Beneath this line are entries. Copy the range from the line with "Women's trousers - Bpc" to the line with "Margaret Campbell_Flower at night", ends included, exactly; leave pictures out.

**** MATERIAL FOR THIS EXERCISE ****

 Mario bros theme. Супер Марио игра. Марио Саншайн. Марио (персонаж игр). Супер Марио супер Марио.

****
**** MATERIAL FOR THIS EXERCISE ****

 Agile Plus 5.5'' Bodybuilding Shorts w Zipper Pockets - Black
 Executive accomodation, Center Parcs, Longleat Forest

****
**** MATERIAL FOR THIS EXERCISE ****

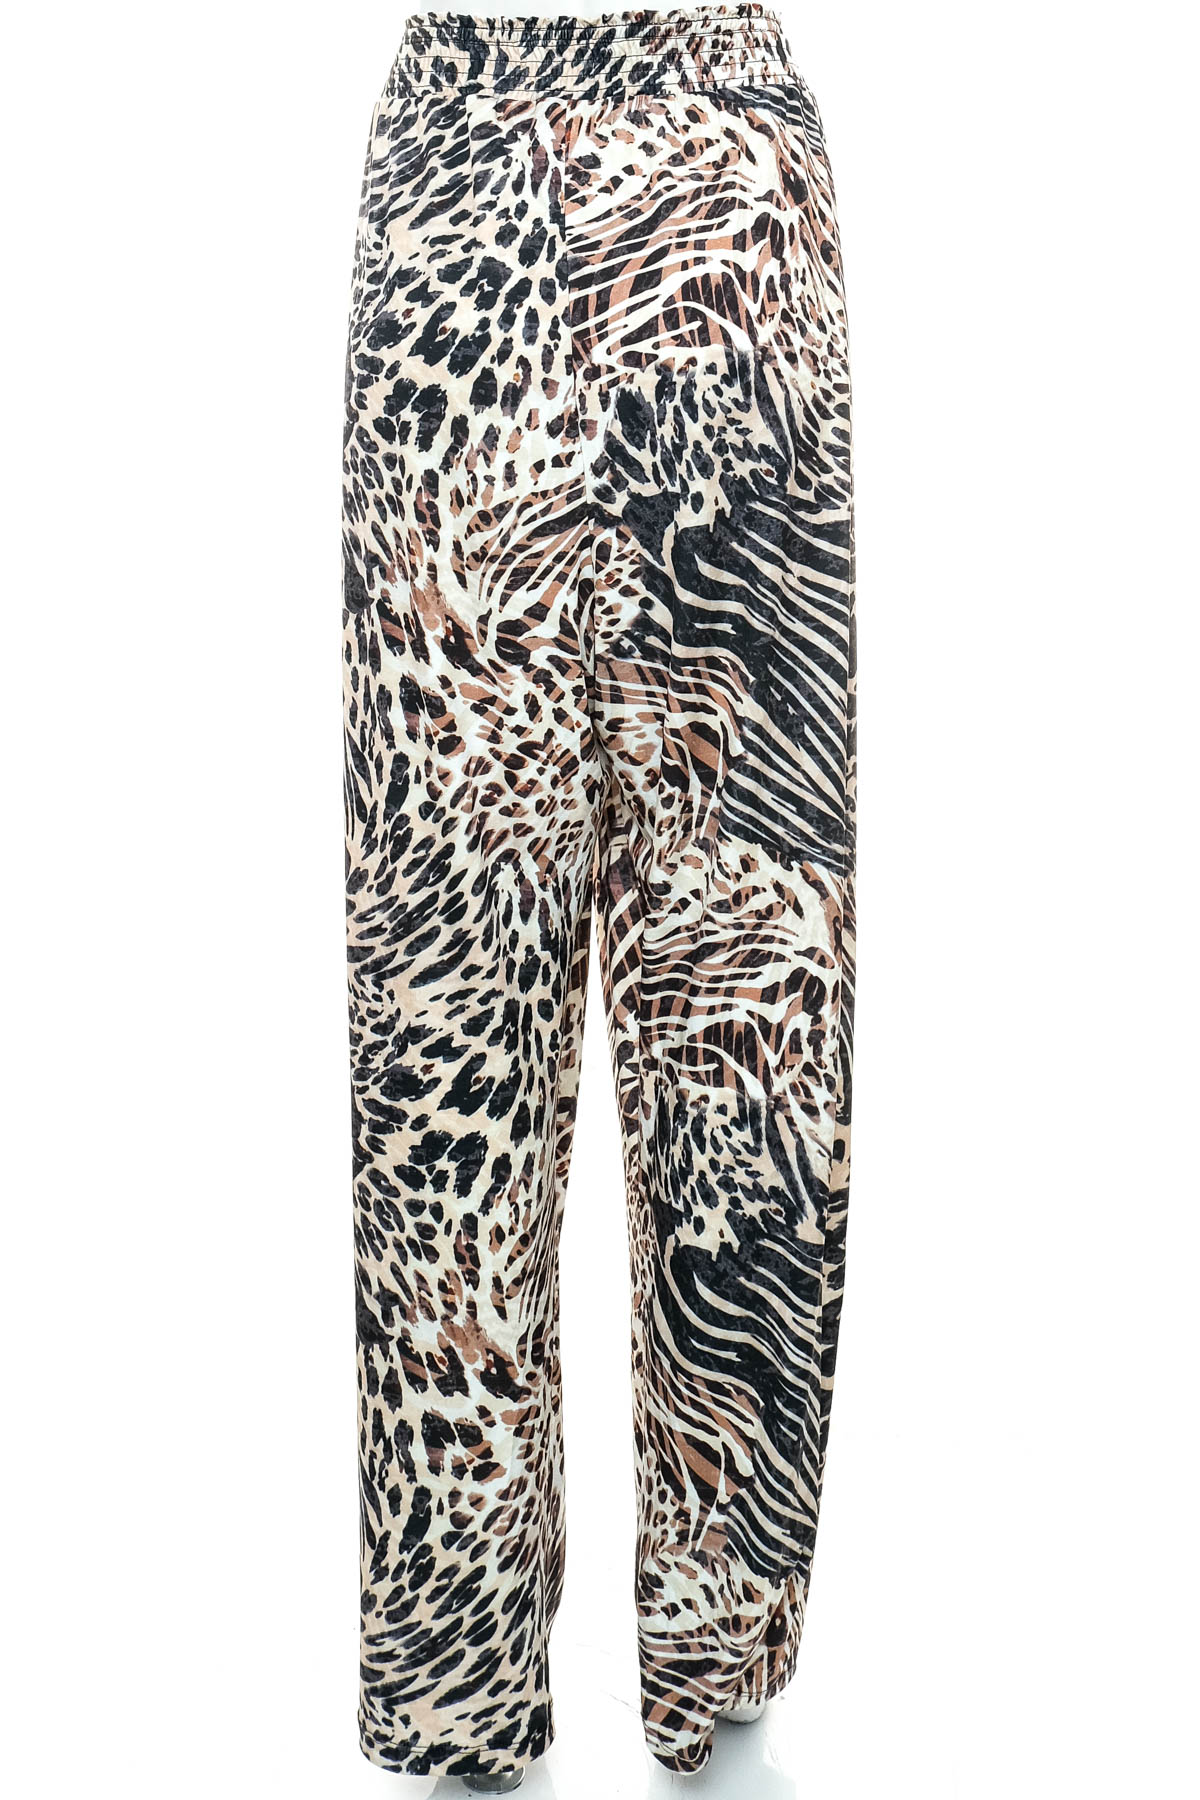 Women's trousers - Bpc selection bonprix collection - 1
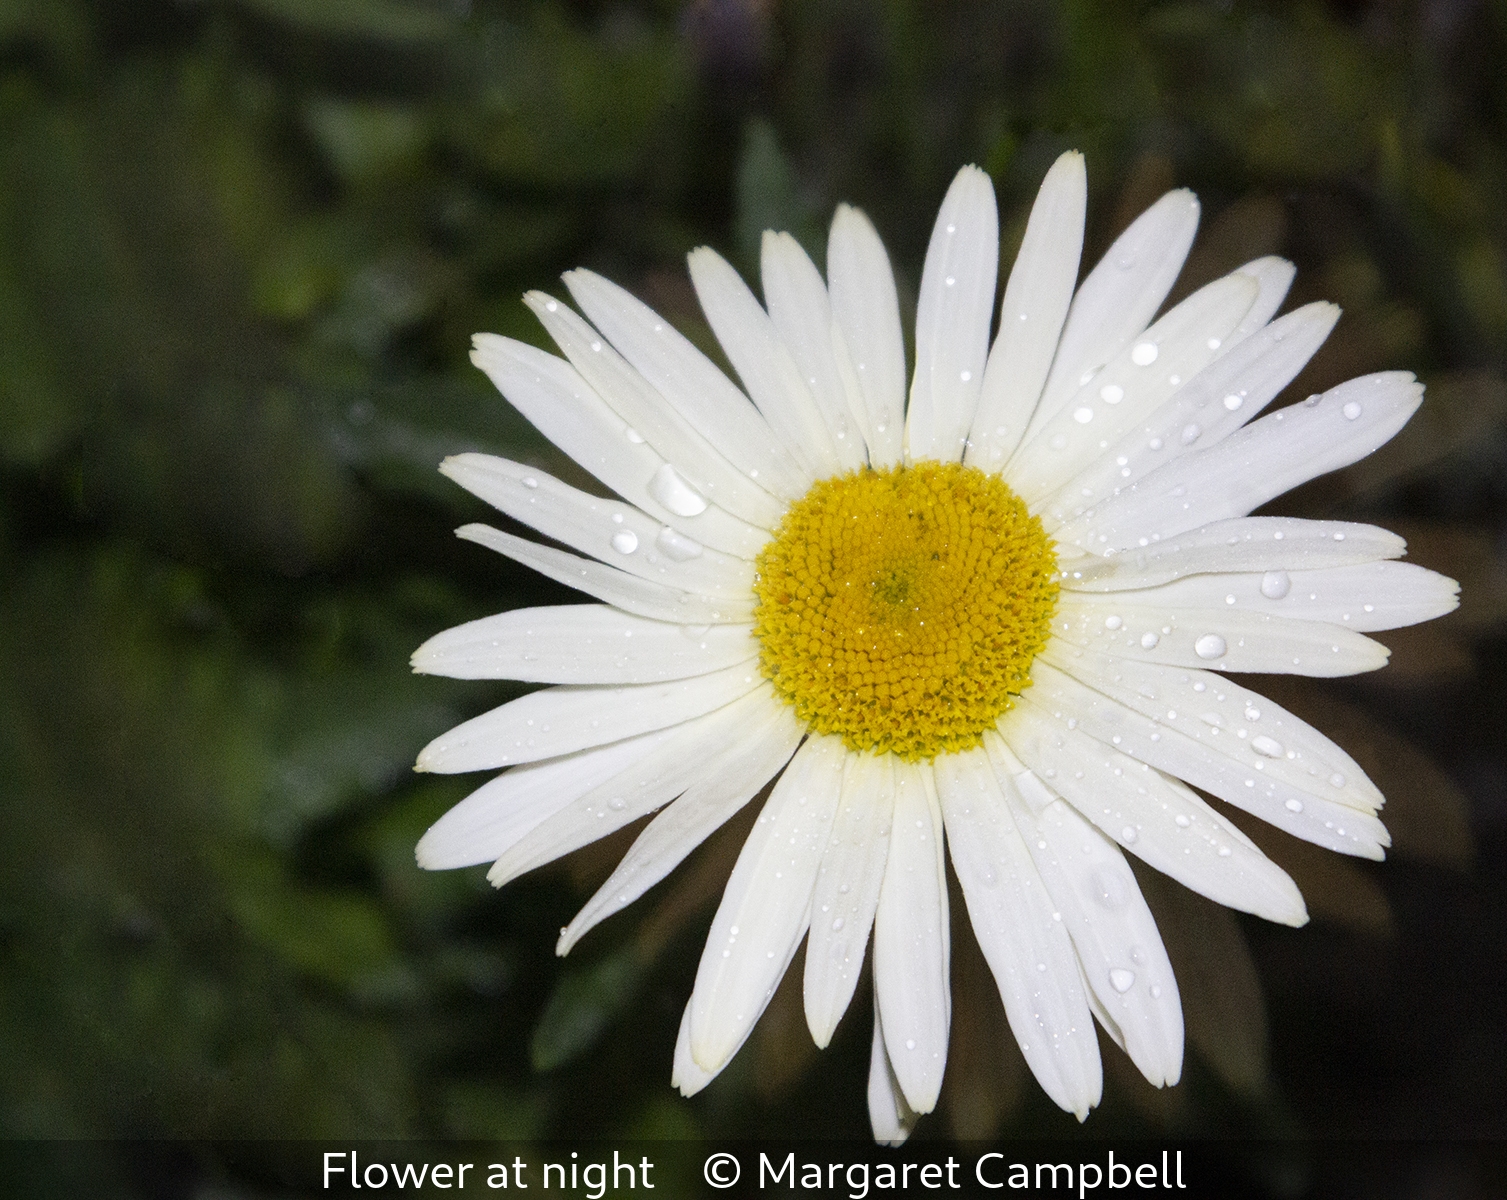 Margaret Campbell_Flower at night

****

● REPLY:
 Women's trousers - Bpc selection bonprix collection - 1
 Margaret Campbell_Flower at night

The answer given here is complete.